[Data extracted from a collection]
__________

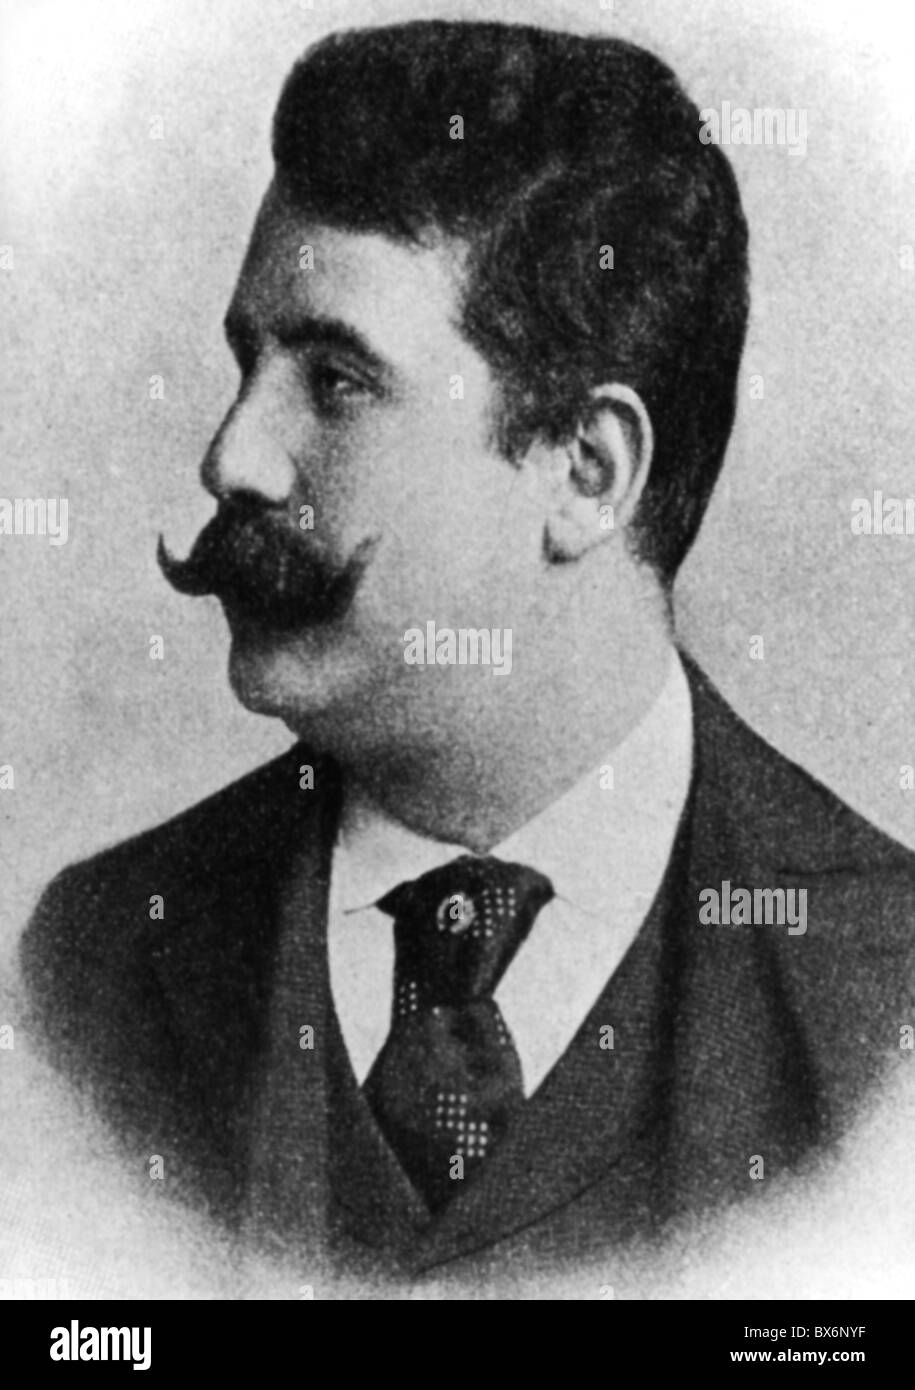 Leoncavallo, Ruggero, 23.4.1857 - 9.8.1919, Italian composer, portrait, photo, 19th century, Stock Photo
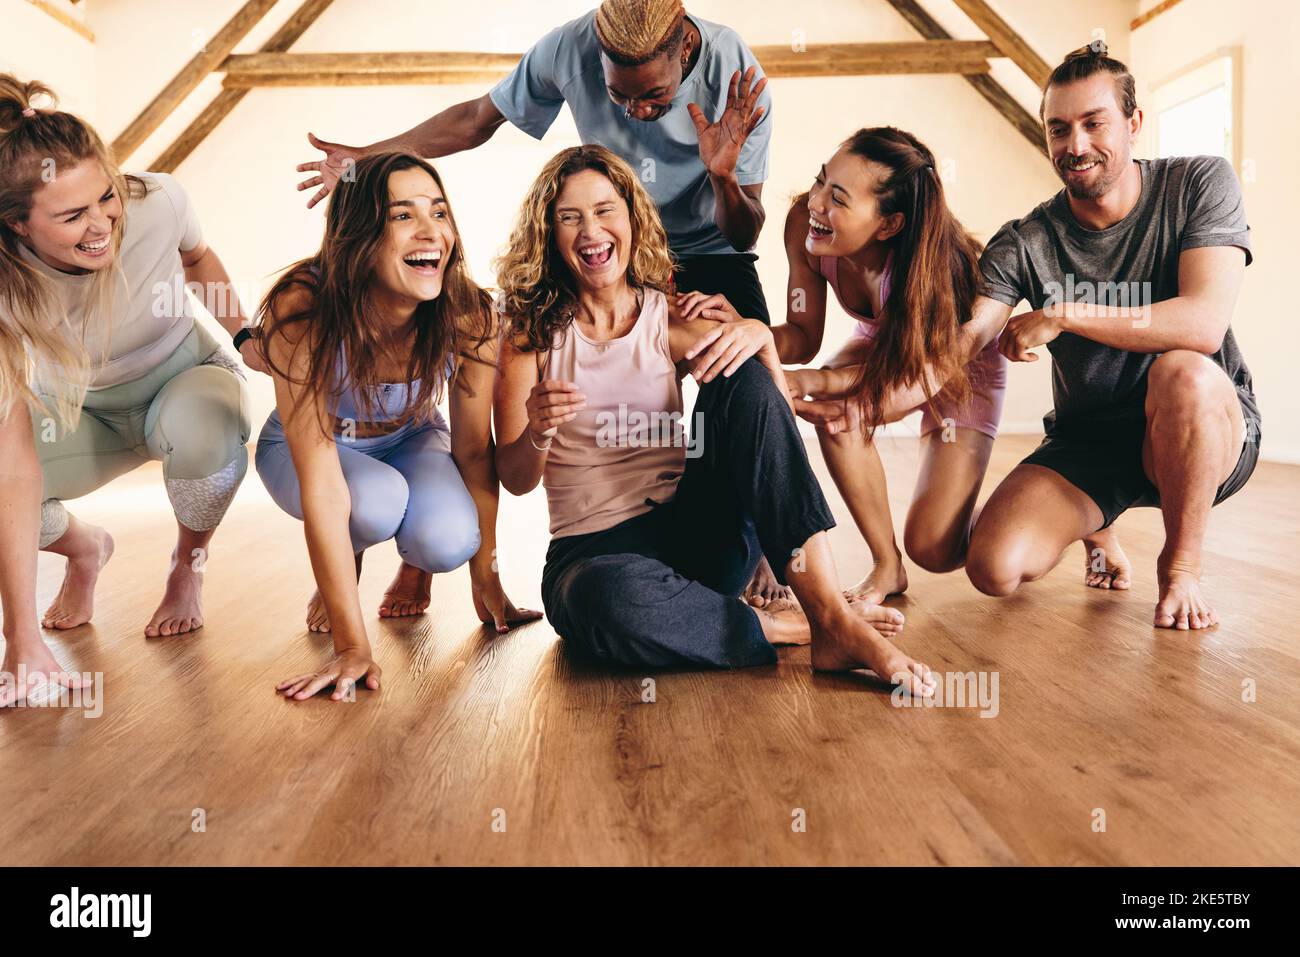 Eine Gruppe glücklicher Fitnessfreunde, die in einem Yoga-Studio lachen und Spaß haben. Multikulturelle Menschen, die eine Pause von einer Yoga-Sitzung machen. Sportliche Menschen sind dabei Stockfoto
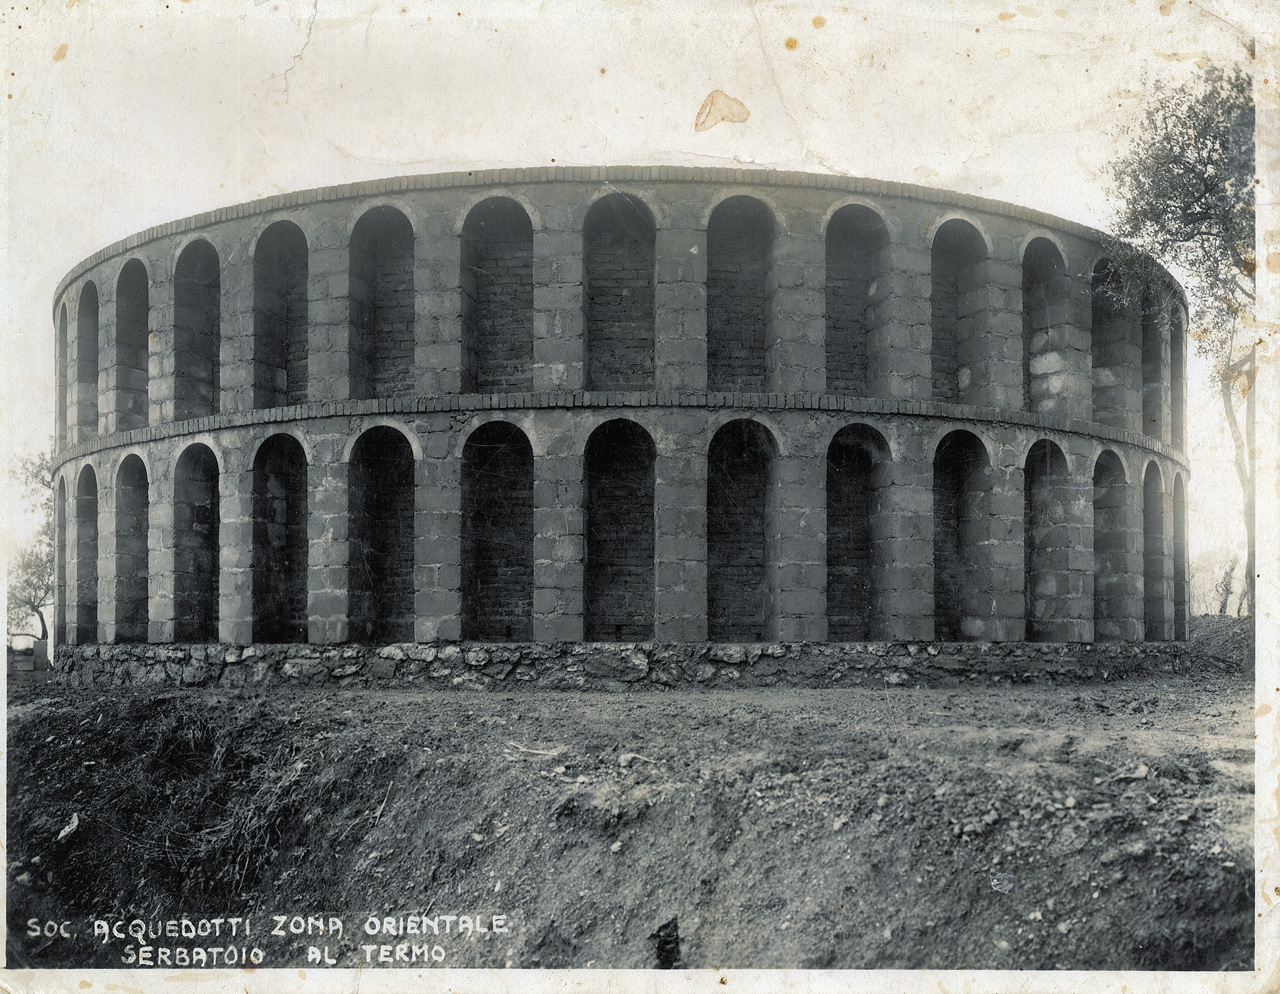 1930 - Acquedotto della Spezia - Serbatoio del termo
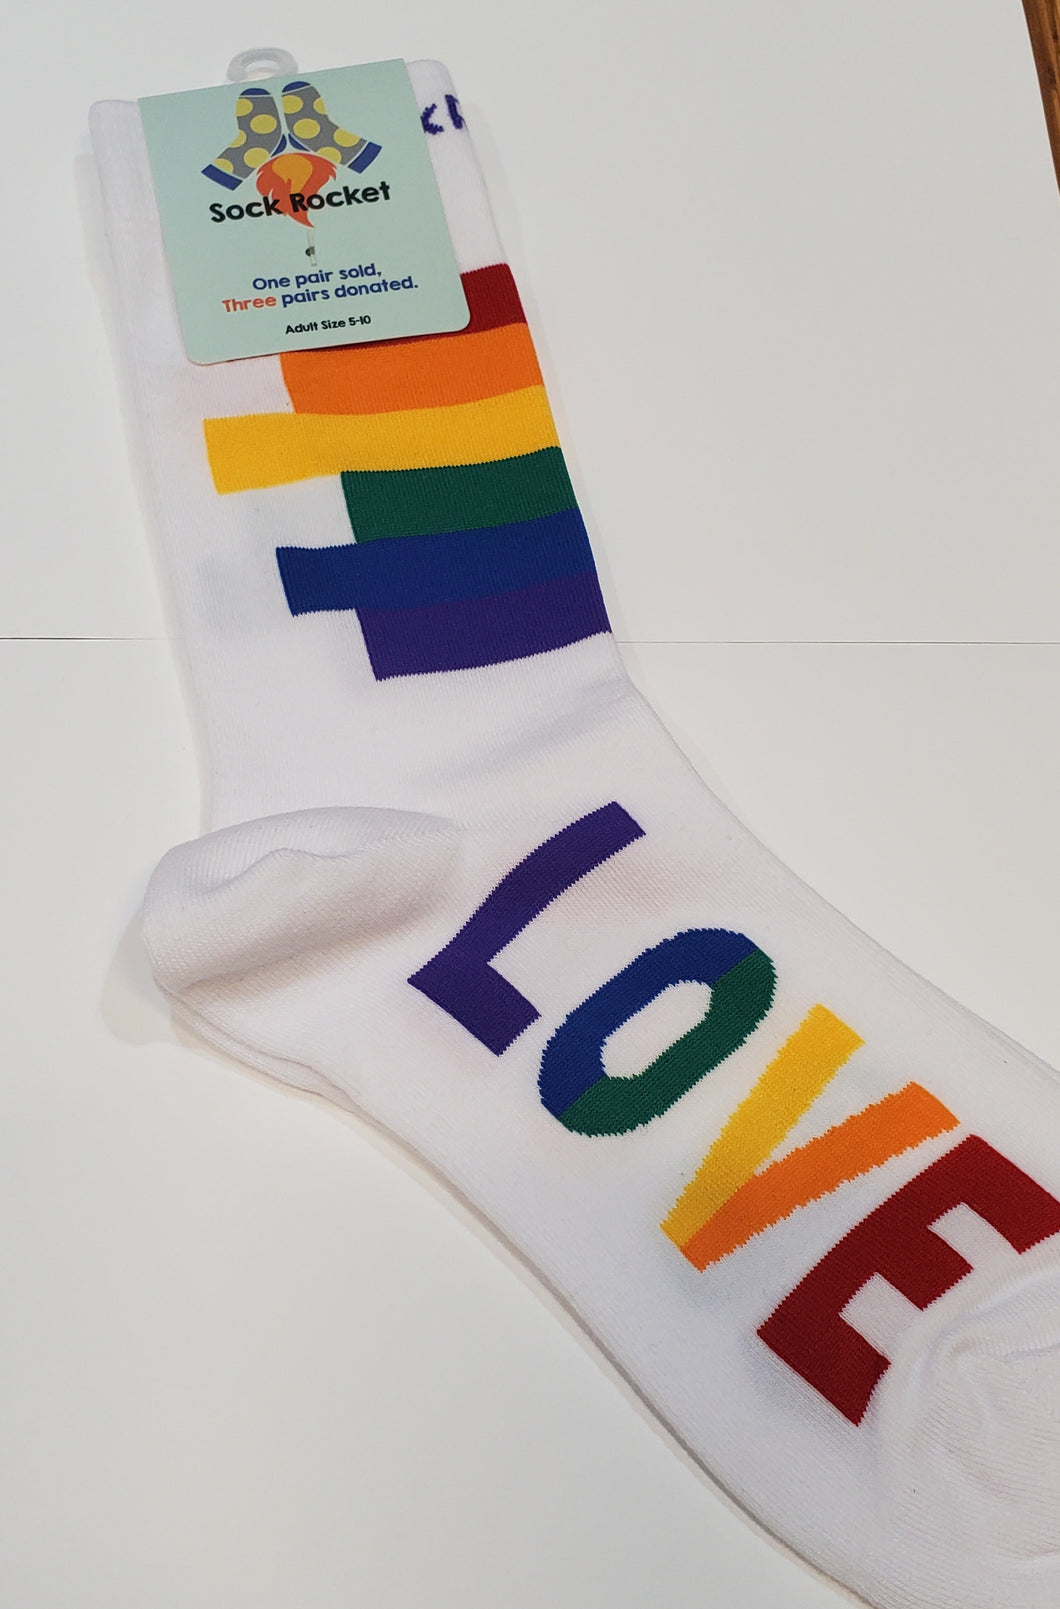 Pride Love Socks
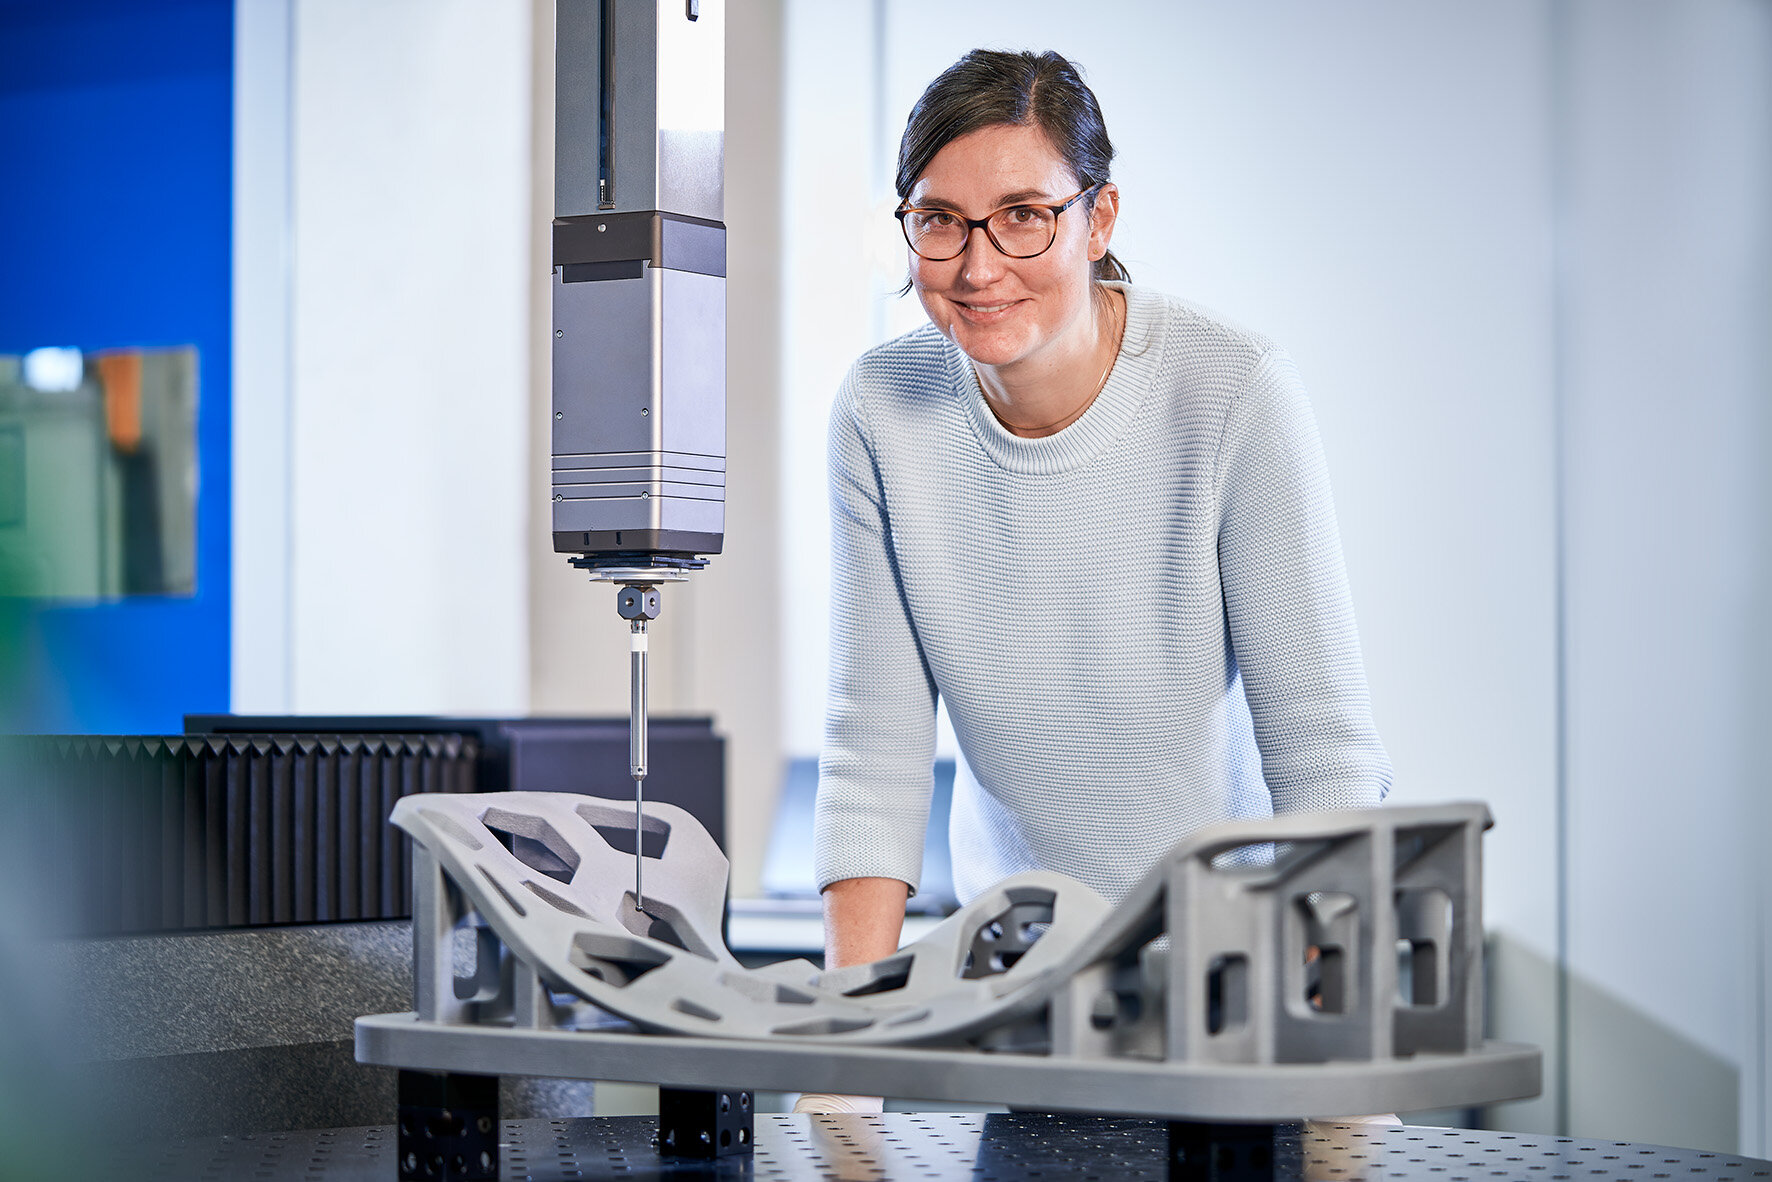  Clara Minas-Payamyar gucckt in die Kamera und arbeitet daran, das 3D-Druck-Verfahren für keramische Komponenten weiterzuentwickeln

__________

● TASK STATEMENT
What you need to copy is the run of lines from the one holding "Eine Gruppe glücklicher" through the end of the data, exactly and only, both ends included, pictures omitted.

● FINISHED EXERCISE
 Eine Gruppe glücklicher Fitnessfreunde, die in einem Yoga-Studio lachen und Spaß haben. Multikulturelle Menschen, die eine Pause von einer Yoga-Sitzung machen. Sportliche Menschen sind dabei Stockfoto
 1930 - Acquedotto della Spezia - Serbatoio del termo
 Pride Love Socks
  Clara Minas-Payamyar gucckt in die Kamera und arbeitet daran, das 3D-Druck-Verfahren für keramische Komponenten weiterzuentwickeln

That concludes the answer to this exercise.